Initially I thought we’d use MethodHandle, which is a lot faster than method
invocation by reflection. MethodHandle.invoke has some flexibility based on the
types of its arguments, but I realized we’d still have to dispatch to multiple
underlying providers (e.g. the built-in provider and the Hive provider). And we
have other inefficiencies such as calling UnboundMetadata.bind(RelNode,
RelMetadataQuery) to create a short-lived object every single call.

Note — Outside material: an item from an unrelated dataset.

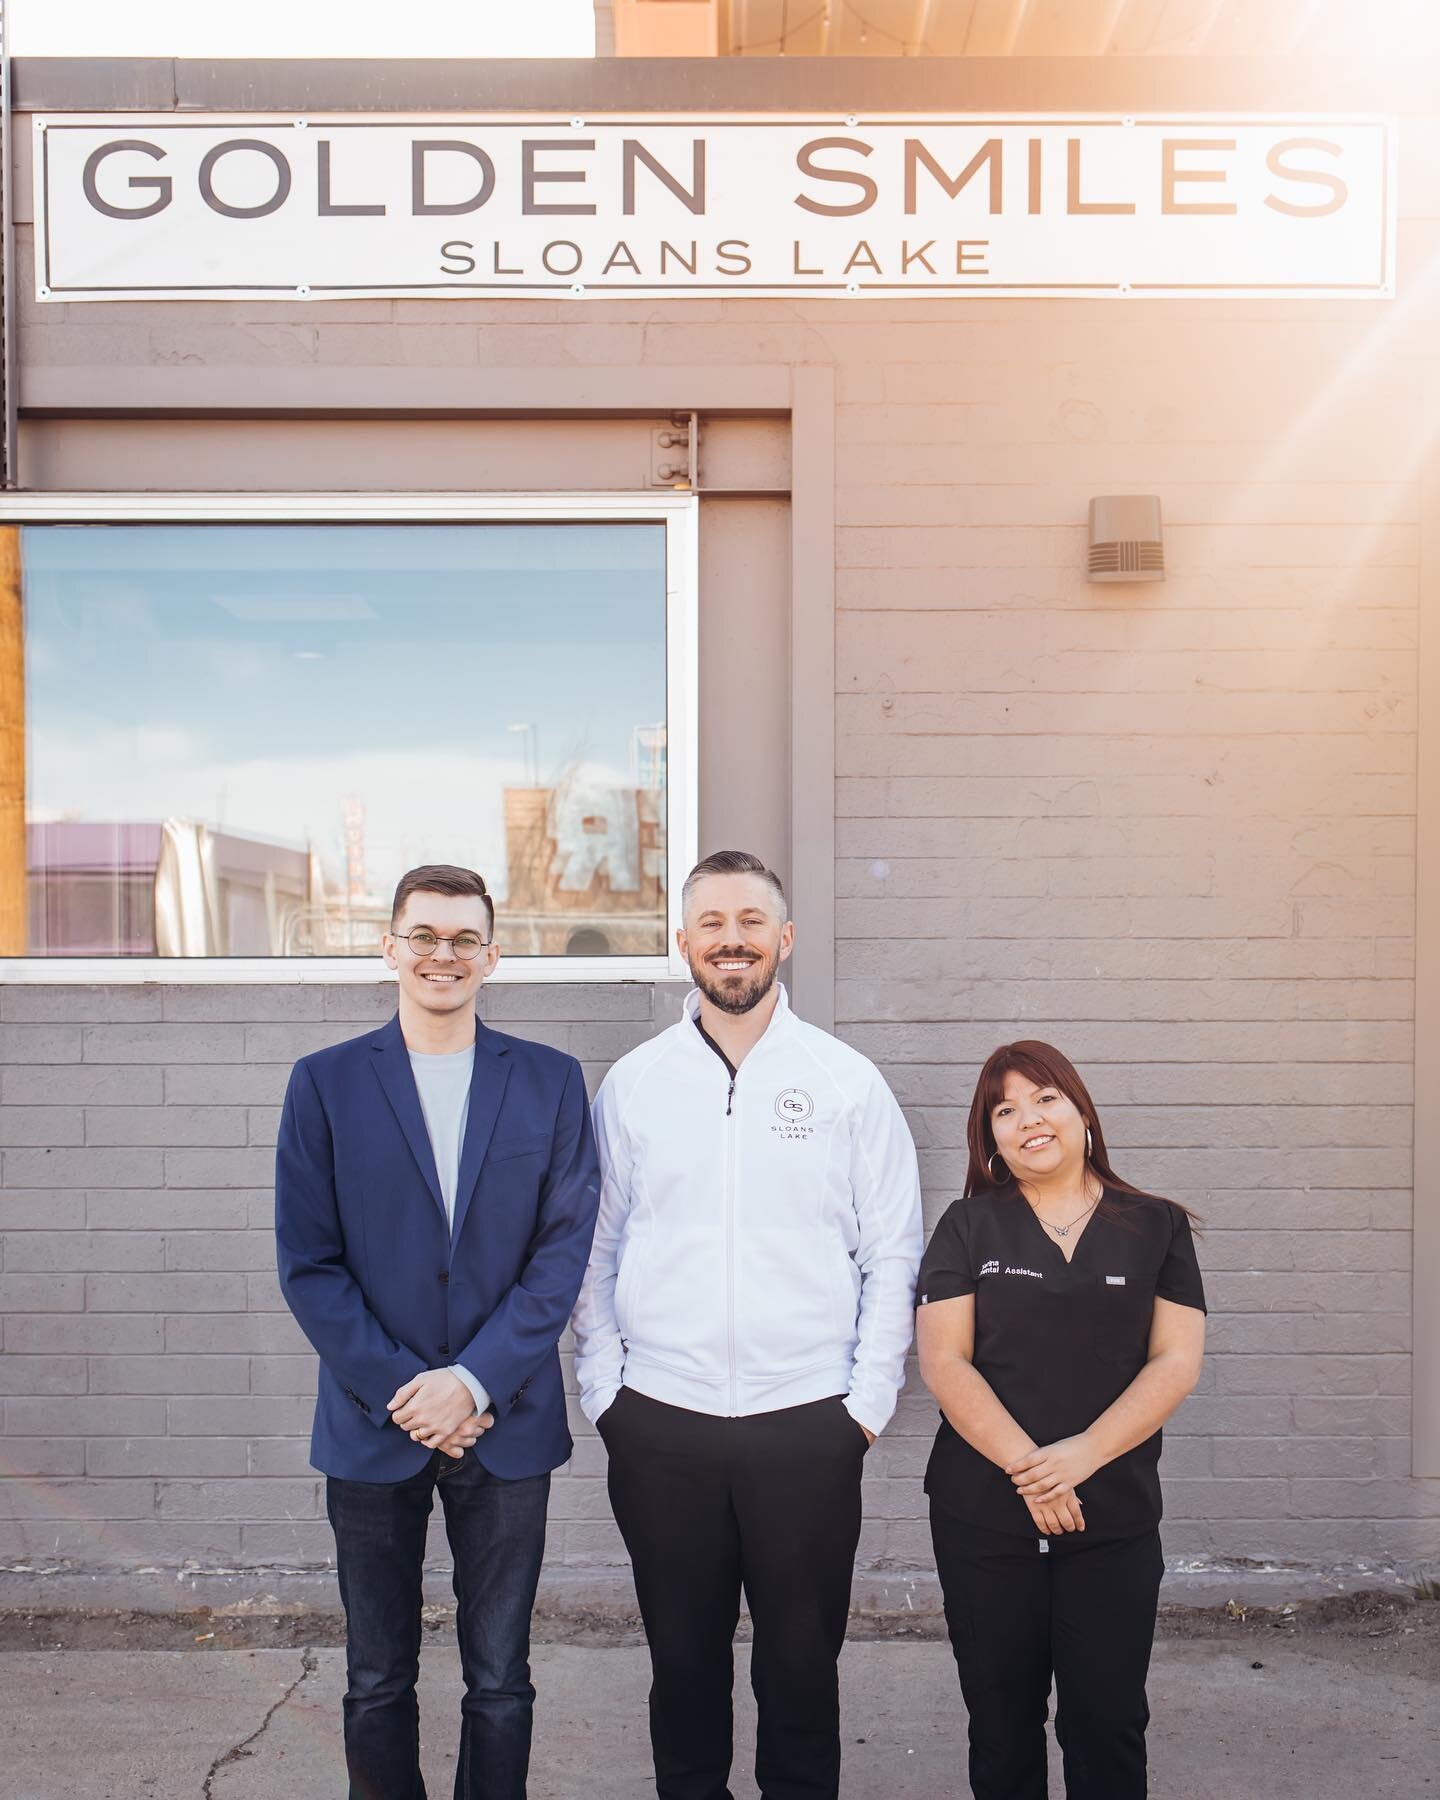 We are currently accepting new patients! Our team at Golden Smiles knows that going to the dentist is not at the top of everyone's list, but we strive to make your new patient experience with us as smooth and seamless as possible.  From online schedu
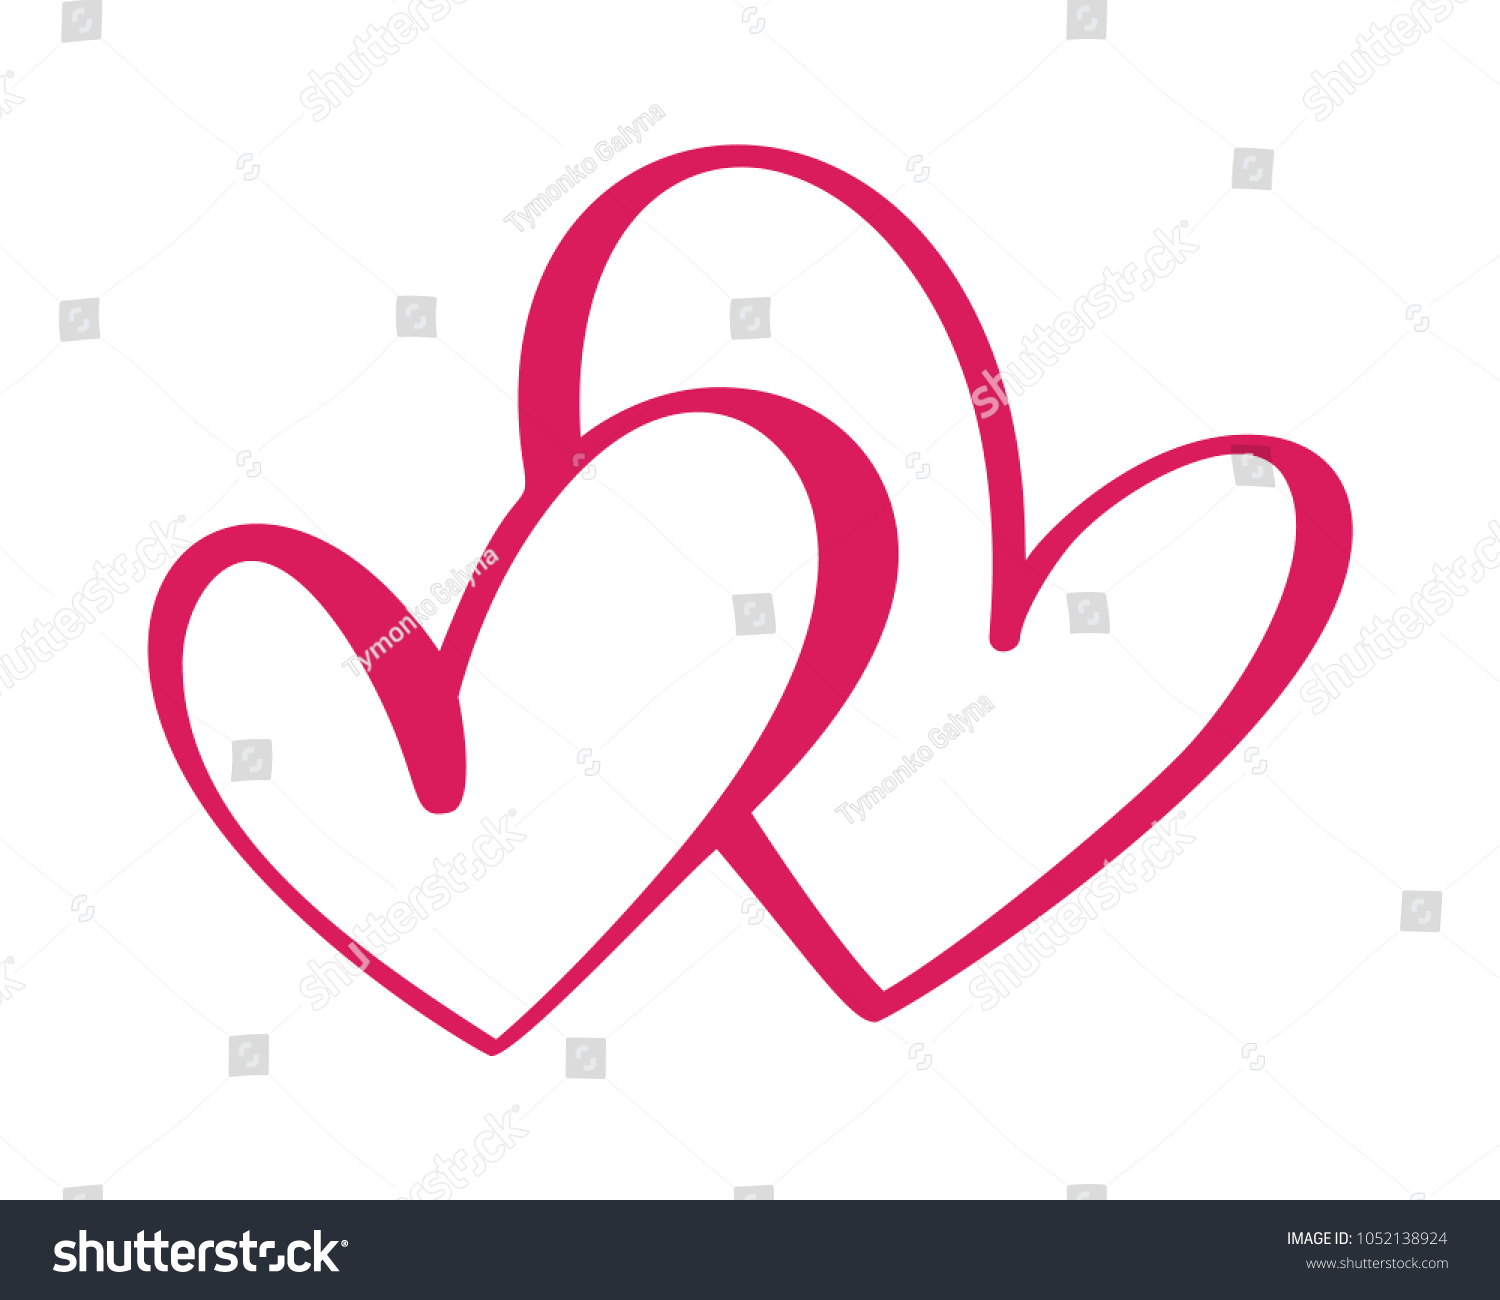 SVG of Heart two love sign. Icon on white background. Romantic symbol linked, join, passion and wedding. Template for t shirt, card, poster. Design flat element of valentine day. Vector illustration svg

So, now I am looking at using Janino to generate a dispatcher. Consider just
one kind of metadata, UniqueKeys. We already have a “signature” interface:
public interface UniqueKeys extends Metadata {
Set<ImmutableBitSet> getUniqueKeys(boolean ignoreNulls);
}
I have added a handler interface:
interface UniqueKeysHandler {
Set<ImmutableBitSet> getUniqueKeys(RelNode r, RelMetadataQuery mq, boolean
ignoreNulls);
}
Now, given a set of metadata providers and the set of all known RelNode
sub-type, I can use Janino to generate a handler at run time:
class UniqueKeysHandlerImpl implements UniqueKeysHandlerImpl {
final RelMdUniqueKeys provider0;
final HiveUniqueKeys provider1;
UniqueKeysHandlerImpl(RelMdUniqueKeys provider0, HiveUniqueKeys provider1) {
this.provider0 = provider0;
this.provider1 = provider1;
}
public Set<ImmutableBitSet> getUniqueKeys(RelNode r,
RelMetadataQuery mq, boolean ignoreNulls) {
switch (r.getClass().getName()) {
case "org.apache.calcite.rel.logical.LogicalAggregate":
return provider0.getUniqueKeys((Aggregate) r, mq, ignoreNulls);
case "org.apache.calcite.rel.core.Aggregate":
return provider0.getUniqueKeys(r, mq, ignoreNulls);
case “
org.apache.hadoop.hive.ql.optimizer.calcite.reloperators.HiveAggregate":
return provider1.getUniqueKeys(r, mq, ignoreNulls);
default:
throw NoHandler.INSTANCE;
}
}
}
The entry point in RelMetadataQuery changes from
public Set<ImmutableBitSet> getUniqueKeys(RelNode rel,
boolean ignoreNulls) {
final BuiltInMetadata.UniqueKeys metadata =
rel.metadata(BuiltInMetadata.UniqueKeys.class, this);
return metadata.getUniqueKeys(ignoreNulls);
}
to
public Set<ImmutableBitSet> getUniqueKeys(RelNode rel,
boolean ignoreNulls) {
for (;;) {
try {
return uniqueKeysHandler.getUniqueKeys(rel, this, ignoreNulls);
} catch (NoHandler e) {
uniqueKeysHandler = metadataProvider.revise(rel.getClass(),
BuiltInMetadata.UniqueKeys.Handler.class);
}
}
}
The “NoHandler” exception occurs very rarely — only when a kind of RelNode is
seen that hasn’t been seen before in this JVM instance — but gives the handler
chance to regenerate itself.
The result is a very direct path from the caller (generally a RelOptRule) to
the provider: two calls, and we don’t even need to box the arguments.
I don’t think there will be any API changes, but note that the metadata
interfaces (eg. UniqueKeys) and RelNode.metadata(Class<M> metadataClass,
RelMetadataQuery mq) are not used anymore.
Julian